I start clicking through the images. “Any idea which company she was visiting?”
“She was already leaving by the time I saw her, and I didn’t think it was a good idea to ask.”
I go back to the beginning and start reading through the names again. “Okay. Dentist’s office - probably not. Credit union, ditto. Same for the family law office, eye doctor, clothing distributor, plastic surgery clinic. Wealth management?”
“Doubtful, but I guess that could be it.”
Then I stop. “Neveaux? Does that name look familiar to you?”
Justin shrugs. “Sounds like a skincare company or something.”
He’s thinking of Nivea, but I don’t say that, because I’m shuffling through the stack of papers on my desk. “I think I saw it somewhere. Buried in some big text dump - do you see anything that says ‘Schedule O’ on top?”
Justin helps me sort through the pages until I find the ones I want. We divide them, half for him, half for me. I find what I’m looking for on my second page.
“Here.” I point, then read. “‘The Creative Families Project: Outrise provides a friendly, open space free of charge where same-sex couples who work at our sponsors can bring their children for age-appropriate art and music lessons, with the opportunity for all to bond and build community. This program is provided in partnership with Neveaux Childhood Enrichment International.’ Well, it’s not my kind of thing, but I don’t think we can go after them for starting a free daycare.”
But Justin’s frowning. “That’s weird.”
“I mean, childcare in this city is criminally expensive, so I don’t think it’s strange for them to offer-”
“No, I mean it’s weird because I read almost exactly the same thing, like five minutes ago.”

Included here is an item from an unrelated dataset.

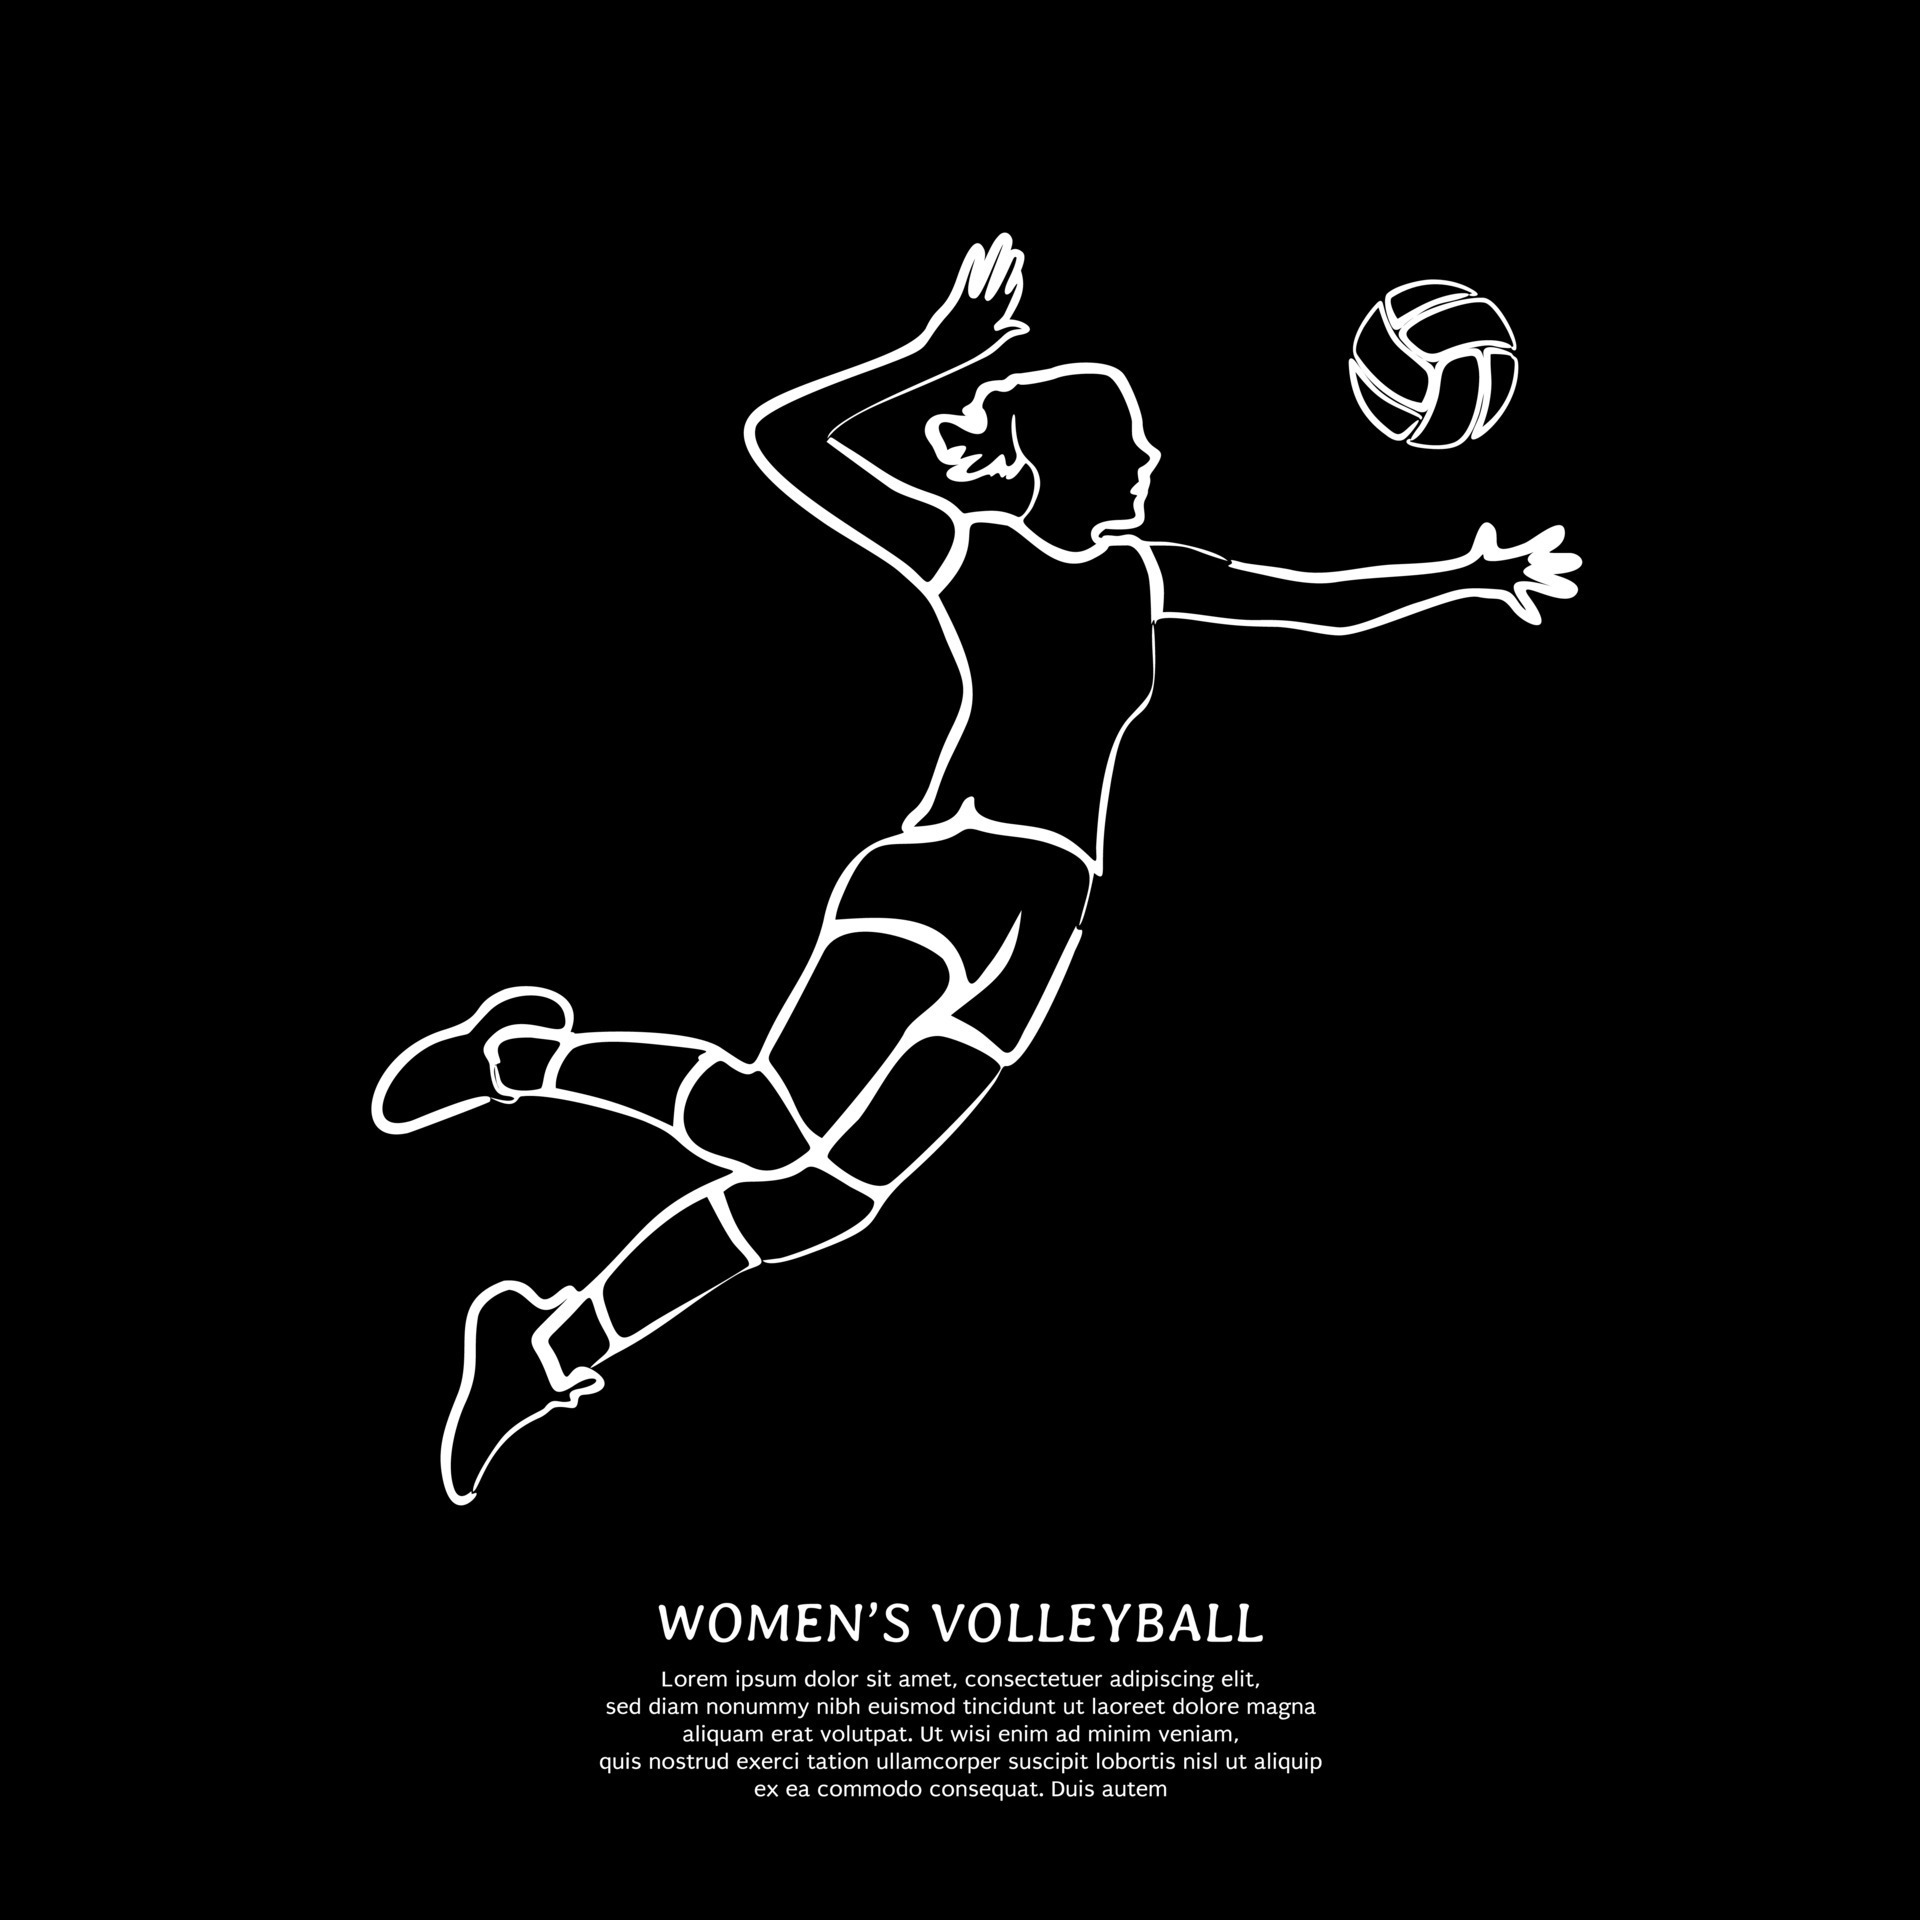 Bộ sưu tập 777 Volleyball black background Đẹp mắt, tải miễn phí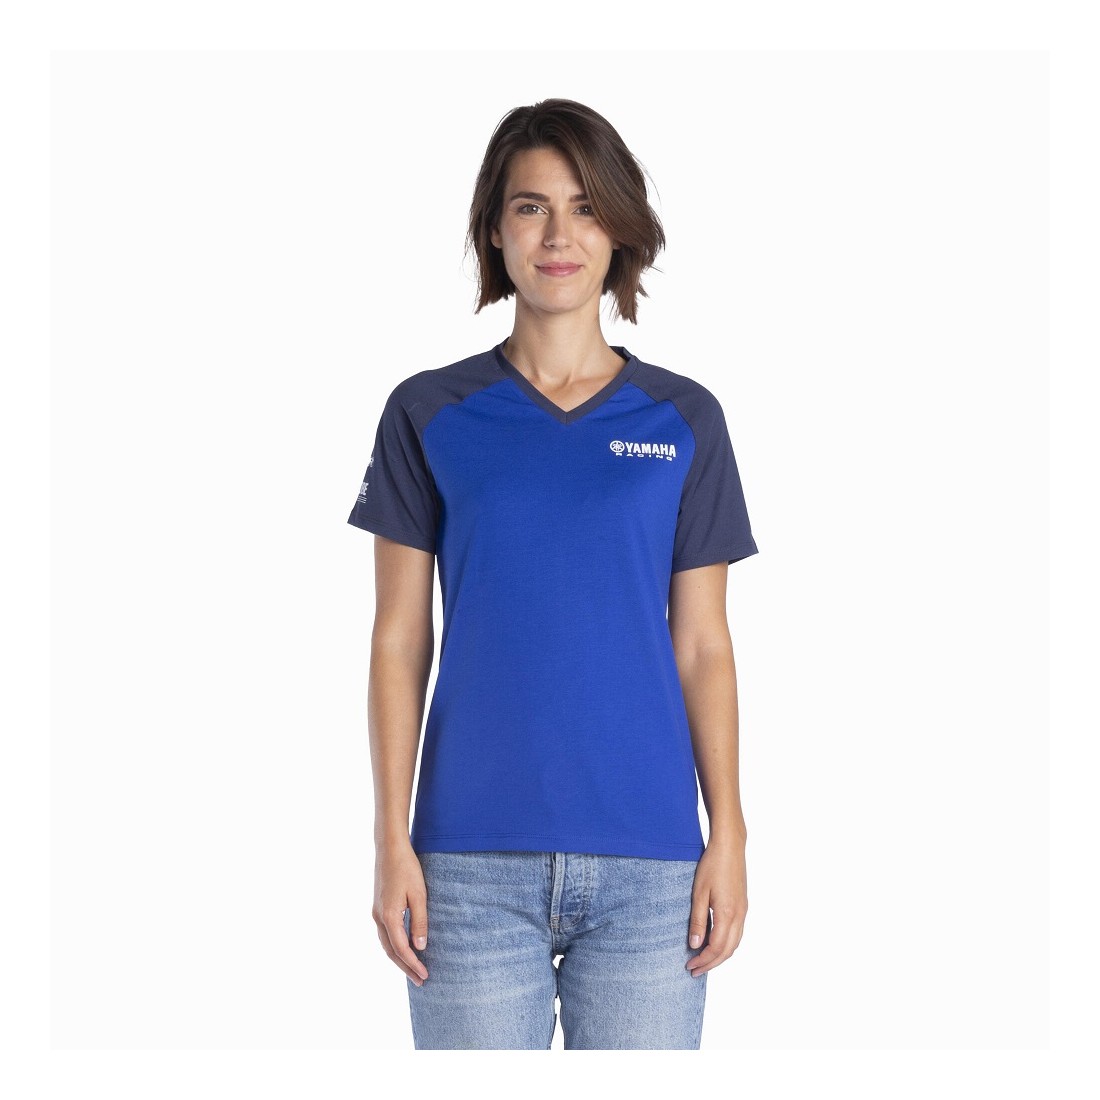 Camiseta Mujer Yamaha Paddock Blue TALLA JERSEY XS

I look at the page he’s holding up. “‘Kids, Art, Community?’”
“The description’s different, but it comes down to the same thing - family time, art and music lessons, ‘building community’. But there’s no mention of anything with the name ‘Neveaux’.”
I pull over my keyboard and start typing. “Looks like it’s a company, not a nonprofit. Private, though, so there won’t be any SEC filings or investor reports to look at. And we can’t see their taxes either.”
Justin groans. “So we’re stuck again?”
I pause. I’ve just had an idea, although the wisdom of actually carrying it out is definitely questionable, given that it’s almost certainly illegal.
That being said, I’ve never been able to quit on anything interesting, ever. “I may know of a way to find out more. Can you go get Sam?”